On May 1, 2013, the Company filed Articles of Merger with the Secretary of State of the State of Nevada pursuant to which its wholly-owned subsidiary, Inception Mining Inc., a Nevada Corporation, was merged into the Company effective May 1, 2013. As a result of the filing of the Articles of Merger, the Company’s corporate name was changed from Gold American Mining Corp. to Inception Mining Inc.
(B) Going Concern
As reflected in the accompanying unaudited condensed consolidated financial statements, the Company is in the exploration stage with minimal operations, has a net loss since inception of $5,795,895 and used cash in operations of $1,945,103 from inception. In addition, there is a working capital deficiency (excess of current liabilities over current assets) of $876,987 as of April 30, 2014. This raises substantial doubt about its ability to continue as a going concern. The ability of the Company to continue as a going concern is dependent on the Company’s ability to raise additional capital and implement its business plan. The financial statements do not include any adjustments that might be necessary if the Company is unable to continue as a going concern.
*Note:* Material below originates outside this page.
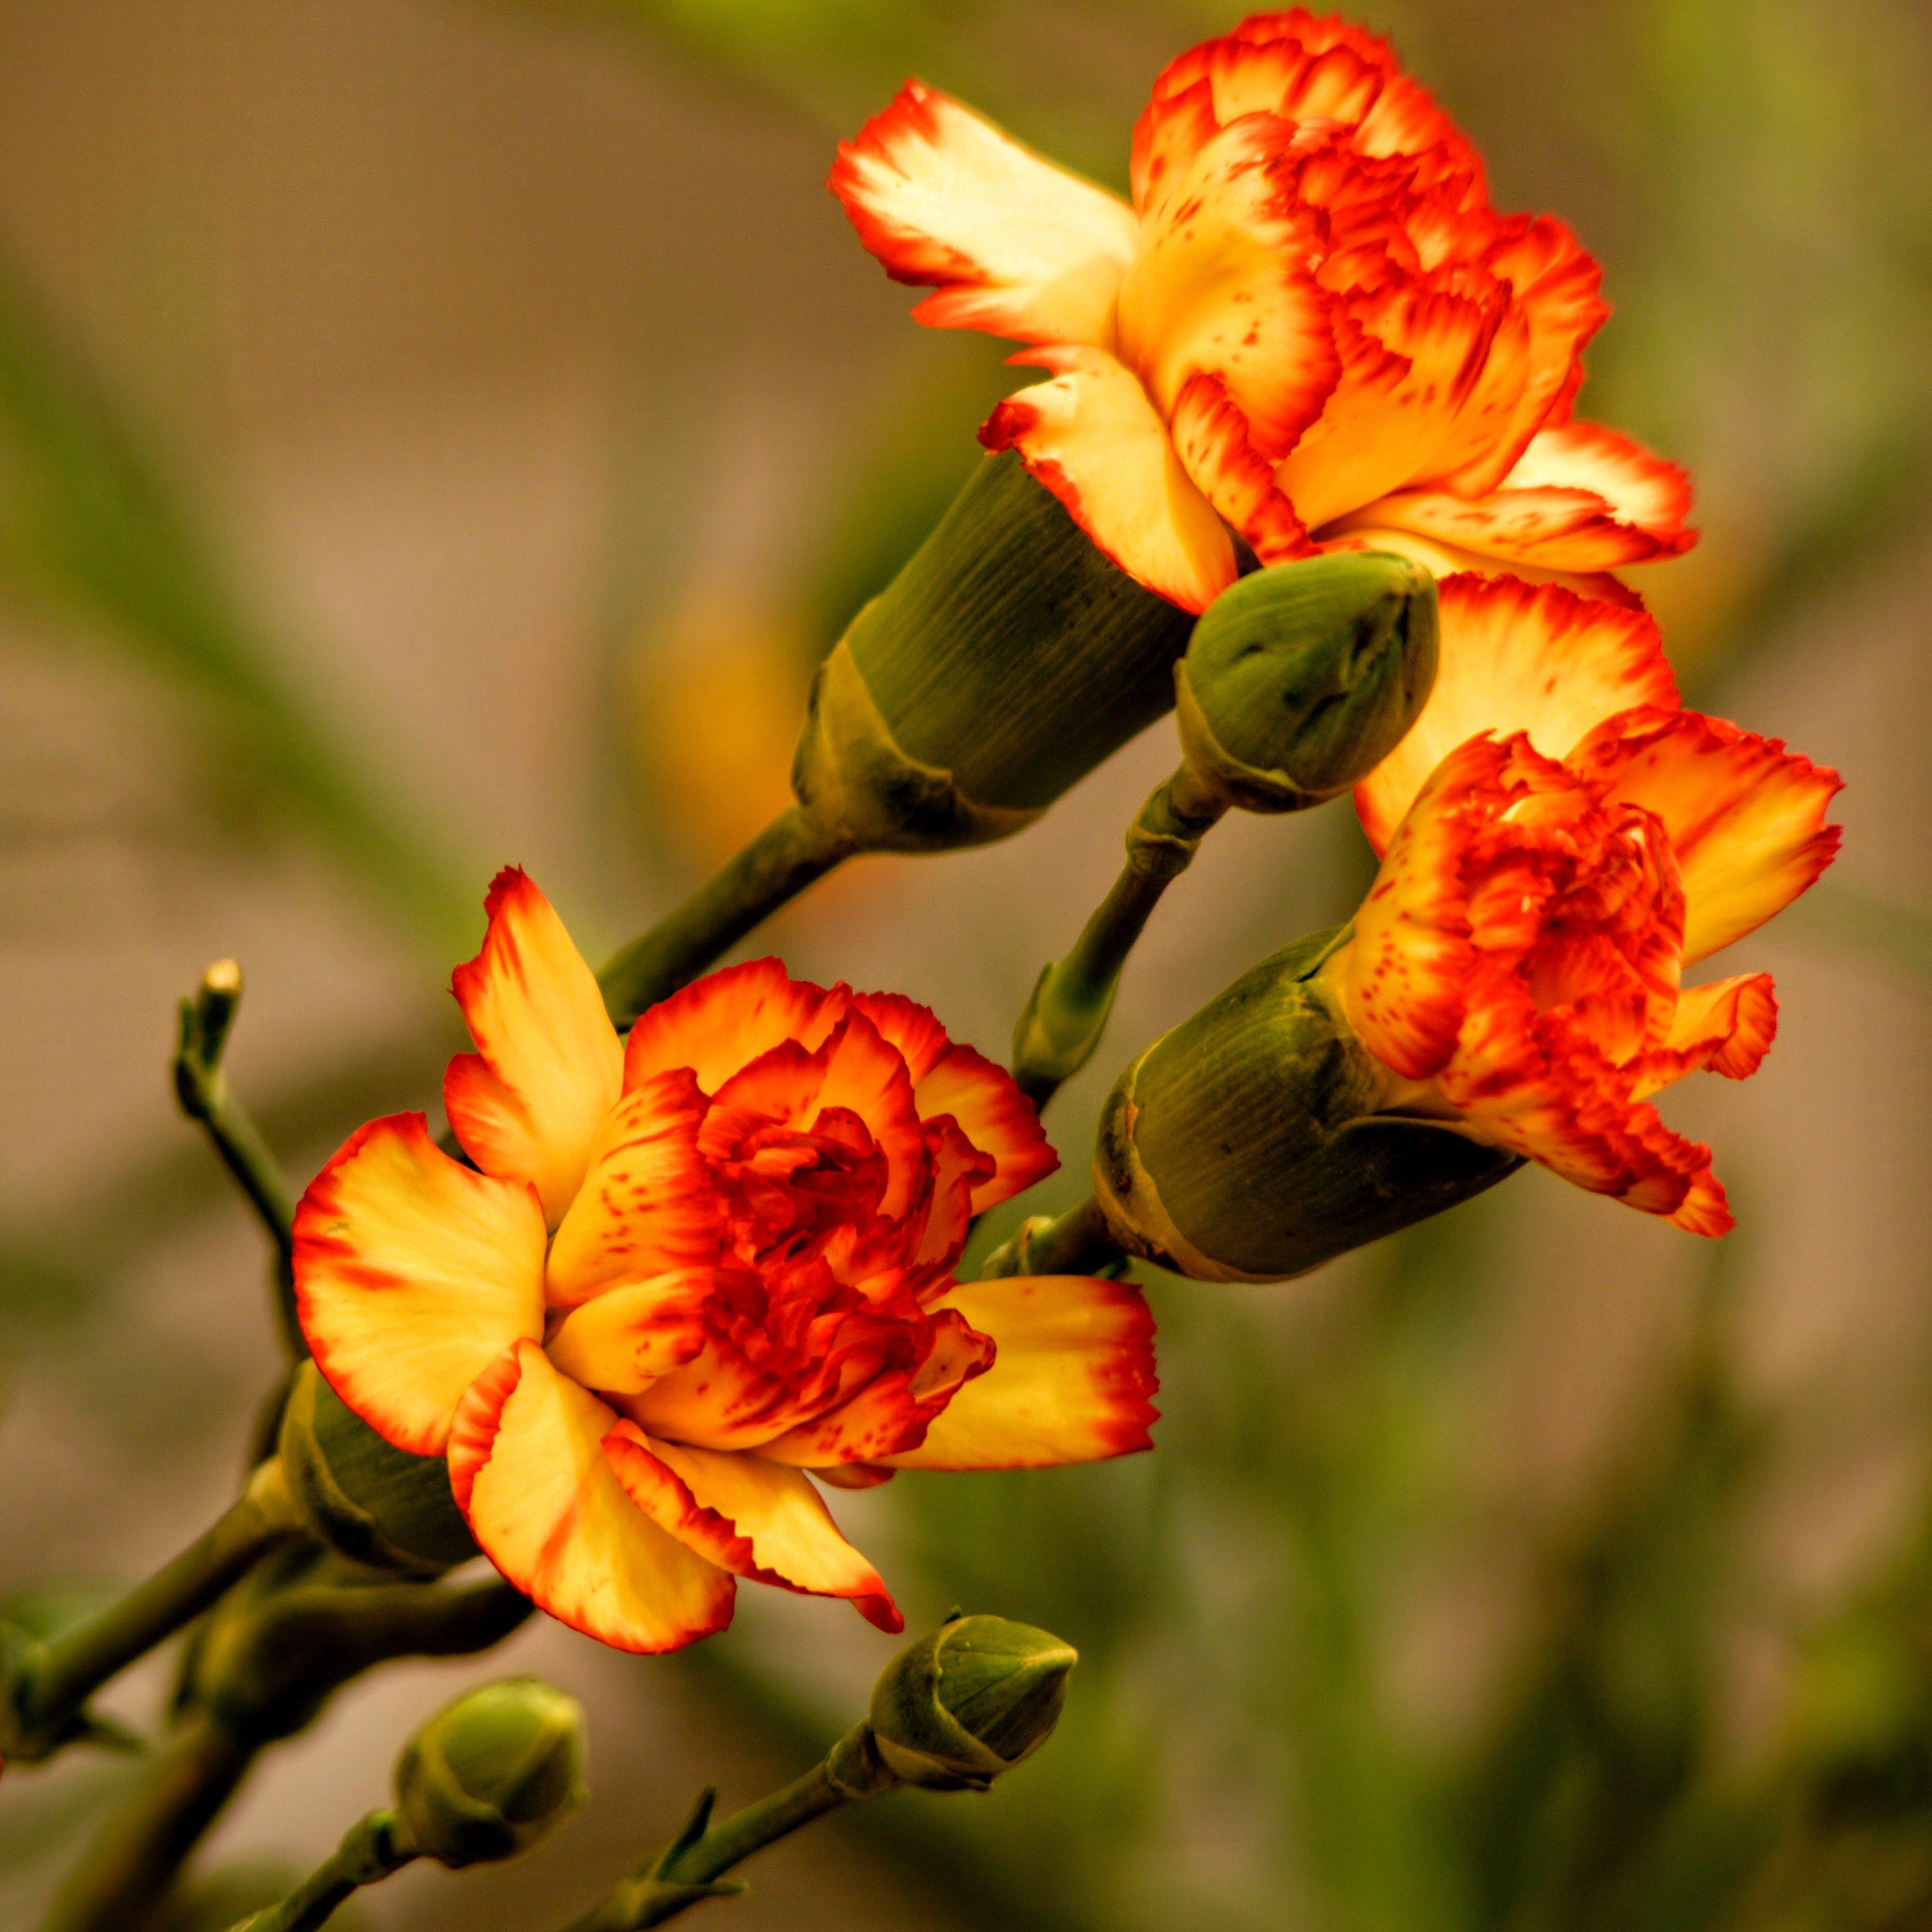 Kostenloses Stock Foto zu pflanze, blume, nelke

(C) Fair Value of Financial Instruments
The Company adopted the provisions of Accounting Standards Codification subtopic 825-10, Financial Instruments (“ASC 825-10”) on January 1, 2008. ASC 825-10 defines fair value as the price that would be received from selling an asset or paid to transfer a liability in an orderly transaction between market participants at the measurement date. When determining the fair value measurements for assets and liabilities required or permitted to be recorded at fair value, the Company considers the principal or most advantageous market in which it would transact and considers assumptions that market participants would use when pricing the asset or liability, such as inherent risk, transfer restrictions, and risk of nonperformance. ASC 825-10 establishes a fair value hierarchy that requires an entity to maximize the use of observable inputs and minimize the use of unobservable inputs when measuring fair value. ASC 825-10 establishes three levels of inputs that may be used to measure fair value:
Level 1 – Quoted prices in active markets for identical assets or liabilities.
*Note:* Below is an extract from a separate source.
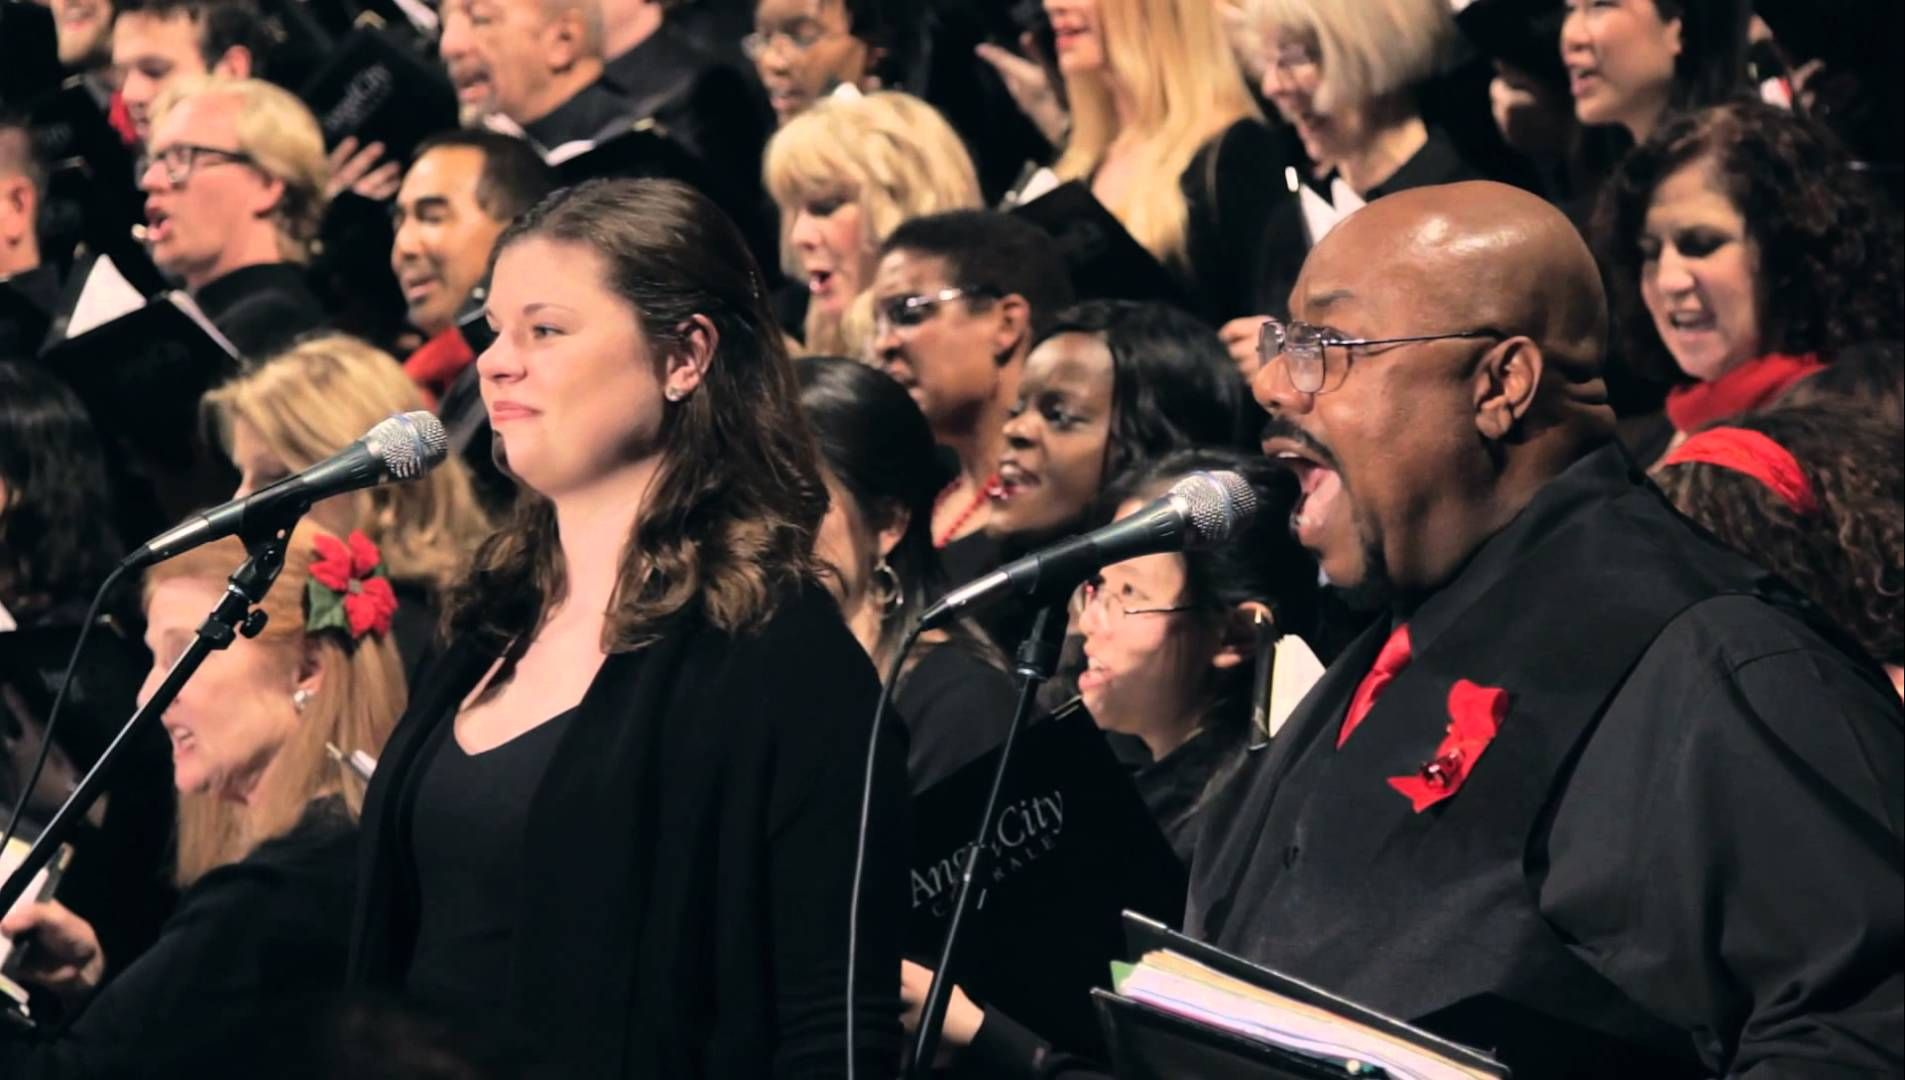 Do You Hear What I Hear? | Concert, Christmas music, Music

Level 2 – Observable inputs other than Level 1 prices such as quoted prices for similar assets or liabilities; quoted prices in markets with insufficient volume or infrequent transactions (less active markets); or model-derived valuations in which all significant inputs are observable or can be derived principally from or corroborated by observable market data for substantially the full term of the assets or liabilities.
Level 3 – Unobservable inputs to the valuation methodology that are significant to the measurement of fair value of assets or liabilities.
All items required to be recorded or measured on a recurring basis are based upon level 3 inputs.
To the extent that valuation is based on models or inputs that are less observable or unobservable in the market, the determination of fair value requires more judgment. In certain cases, the inputs used to measure fair value may fall into different levels of the fair value hierarchy. In such cases, for disclosure purposes, the level in the fair value hierarchy within which the fair value measurement is disclosed and is determined based on the lowest level input that is significant to the fair value measurement.
Upon adoption of ASC 825-10, there was no cumulative effect adjustment to beginning retained earnings and no impact on the financial statements.
The carrying value of the Company’s cash and cash equivalents, accounts receivable, accounts payable, short-term borrowings (including convertible notes payable), and other current assets and liabilities approximate fair value because of their short-term maturity.
F-5 |
Inception Mining, Inc.
(An Exploration Stage Company)
Notes to Condensed Consolidated Financial Statements
As of April 30, 2014 or July 31, 2013, the Company did not have any items that would be classified as level 1 or 2 disclosures.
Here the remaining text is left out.